基于该用户的用户群，将该用户的纠错数据、该用户群的纠错数据以及通用纠错数据确定为该目标纠错数据。Based on the user group of the user, the error correction data of the user, the error correction data of the user group and the common error correction data are determined as the target error correction data.

本实施例的查询纠错装置可执行本申请上述实施例所示的查询纠错方法，其实现原理相类似，此处不再赘述。The query error correction device in this embodiment can execute the query error correction method shown in the above embodiments of the present application, and its realization principle is similar, so it will not be repeated here.

图6是本申请实施例中提供了一种计算机设备的结构示意图。如图6所示，该计算机设备包括：存储器和处理器；至少一个程序，存储于存储器中，用于被处理器执行时，与相关技术相比可实现：FIG. 6 is a schematic structural diagram of a computer device provided in an embodiment of the present application. As shown in Figure 6, the computer device includes: a memory and a processor; at least one program, stored in the memory, for being executed by the processor, compared with related technologies, can realize:

在一个可选实施例中提供了一种计算机设备，如图6所示，图6所示的计算机设备600包括：处理器601和存储器603。其中，处理器601和存储器603相连，如通过总线602相连。可选地，计算机设备600还可以包括收发器604，收发器604可以用于该计算机设备与其他计算机设备之间的数据交互，如数据的发送和/或数据的接收等。需要说明的是，实际应用中收发器604不限于一个，该计算机设备600的结构并不构成对本申请实施例的限定。A computer device is provided in an optional embodiment. As shown in FIG. 6 , the computer device 600 shown in FIG. 6 includes: a processor 601 and a memory 603 . Wherein, the processor 601 is connected to the memory 603 , such as through a bus 602 . Optionally, the computer device 600 may further include a transceiver 604, which may be used for data interaction between the computer device and other computer devices, such as sending and/or receiving data. It should be noted that, in practical applications, the transceiver 604 is not limited to one, and the structure of the computer device 600 does not limit the embodiment of the present application.
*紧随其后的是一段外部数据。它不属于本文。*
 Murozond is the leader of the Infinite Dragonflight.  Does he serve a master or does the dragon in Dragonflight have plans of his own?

处理器601可以是CPU(Central Processing Unit，中央处理器)，通用处理器，DSP(Digital Signal Processor，数据信号处理器)，ASIC(Application SpecificIntegrated Circuit，专用集成电路)，FPGA(Field Programmable Gate Array，现场可编程门阵列)或者其他可编程逻辑器件、晶体管逻辑器件、硬件部件或者其任意组合。其可以实现或执行结合本申请公开内容所描述的各种示例性的逻辑方框，模块和电路。处理器601也可以是实现计算功能的组合，例如包含一个或多个微处理器组合，DSP和微处理器的组合等。Processor 601 can be CPU (Central Processing Unit, central processing unit), general purpose processor, DSP (Digital Signal Processor, data signal processor), ASIC (Application Specific Integrated Circuit, application specific integrated circuit), FPGA (Field Programmable Gate Array, field programmable gate array) or other programmable logic devices, transistor logic devices, hardware components, or any combination thereof. It can implement or execute the various illustrative logical blocks, modules and circuits described in connection with the present disclosure. The processor 601 may also be a combination that implements computing functions, such as a combination of one or more microprocessors, a combination of a DSP and a microprocessor, and the like.
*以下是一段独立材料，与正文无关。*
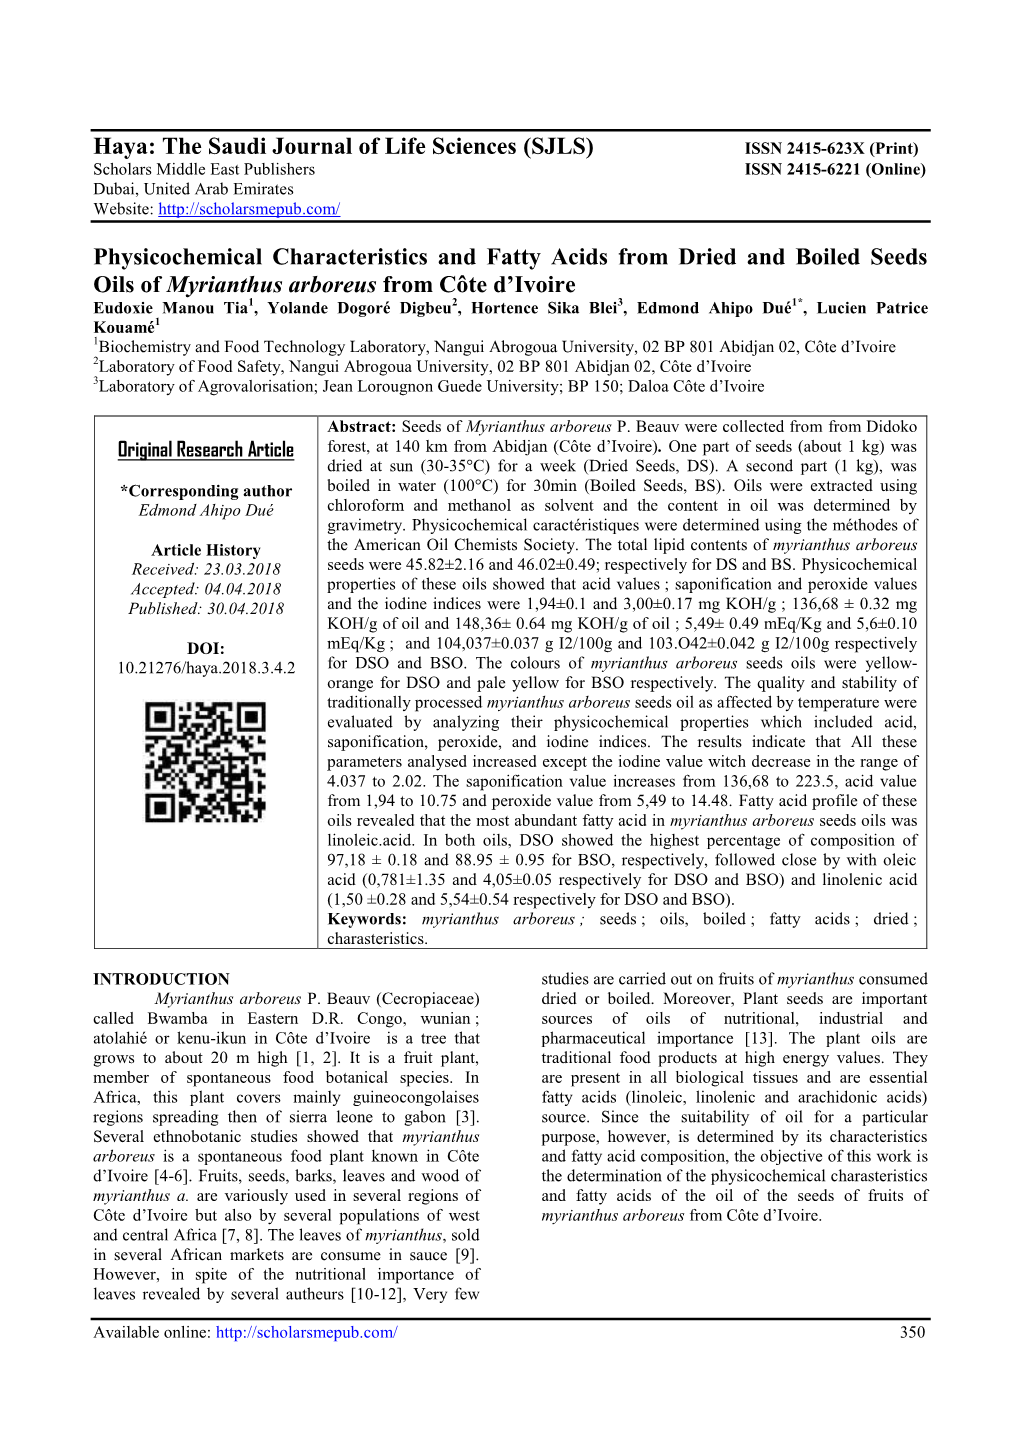 Physicochemical Characteristics and Fatty Acids from Dried and Boiled

总线602可包括一通路，在上述组件之间传送信息。总线602可以是PCI(Peripheral Component Interconnect，外设部件互连标准)总线或EISA(ExtendedIndustry Standard Architecture，扩展工业标准结构)总线等。总线602可以分为地址总线、数据总线、控制总线等。为便于表示，图6中仅用一条粗线表示，但并不表示仅有一根总线或一种类型的总线。Bus 602 may include a path for communicating information between the components described above. The bus 602 may be a PCI (Peripheral Component Interconnect, Peripheral Component Interconnect Standard) bus or an EISA (Extended Industry Standard Architecture, Extended Industry Standard Architecture) bus, etc. The bus 602 can be divided into address bus, data bus, control bus and so on. For ease of representation, only one thick line is used in FIG. 6 , but it does not mean that there is only one bus or one type of bus.

存储器603可以是ROM(Read Only Memory，只读存储器)或可存储静态信息和指令的其他类型的静态存储设备，RAM(Random Access Memory，随机存取存储器)或者可存储信息和指令的其他类型的动态存储设备，也可以是EEPROM(Electrically ErasableProgrammable Read Only Memory，电可擦可编程只读存储器)、CD-ROM(Compact DiscRead Only Memory，只读光盘)或其他光盘存储、光碟存储(包括压缩光碟、激光碟、光碟、数字通用光碟、蓝光光碟等)、磁盘存储介质或者其他磁存储设备、或者能够用于携带或存储具有指令或数据结构形式的期望的程序代码并能够由计算机存取的任何其他介质，但不限于此。Memory 603 can be ROM (Read Only Memory, read-only memory) or other types of static storage devices that can store static information and instructions, RAM (Random Access Memory, random access memory) or other types of memory that can store information and instructions Dynamic storage devices can also be EEPROM (Electrically Erasable Programmable Read Only Memory, Electrically Erasable Programmable Read-Only Memory), CD-ROM (Compact DiscRead Only Memory, CD-ROM) or other CD-ROM storage, CD-ROM storage (including compact CD-ROM, laser discs, compact discs, digital versatile discs, blu-ray discs, etc.), magnetic disk storage media or other magnetic storage devices, or any other medium capable of carrying or storing desired program code in the form of instructions or data structures and accessible by a computer media, but not limited thereto.

存储器603用于存储执行本申请方案的应用程序代码(计算机程序)，并由处理器601来控制执行。处理器601用于执行存储器603中存储的应用程序代码，以实现前述方法实施例所示的内容。The memory 603 is used to store the application program code (computer program) for executing the solution of the present application, and the execution is controlled by the processor 601 . The processor 601 is configured to execute the application program code stored in the memory 603, so as to implement the content shown in the foregoing method embodiments.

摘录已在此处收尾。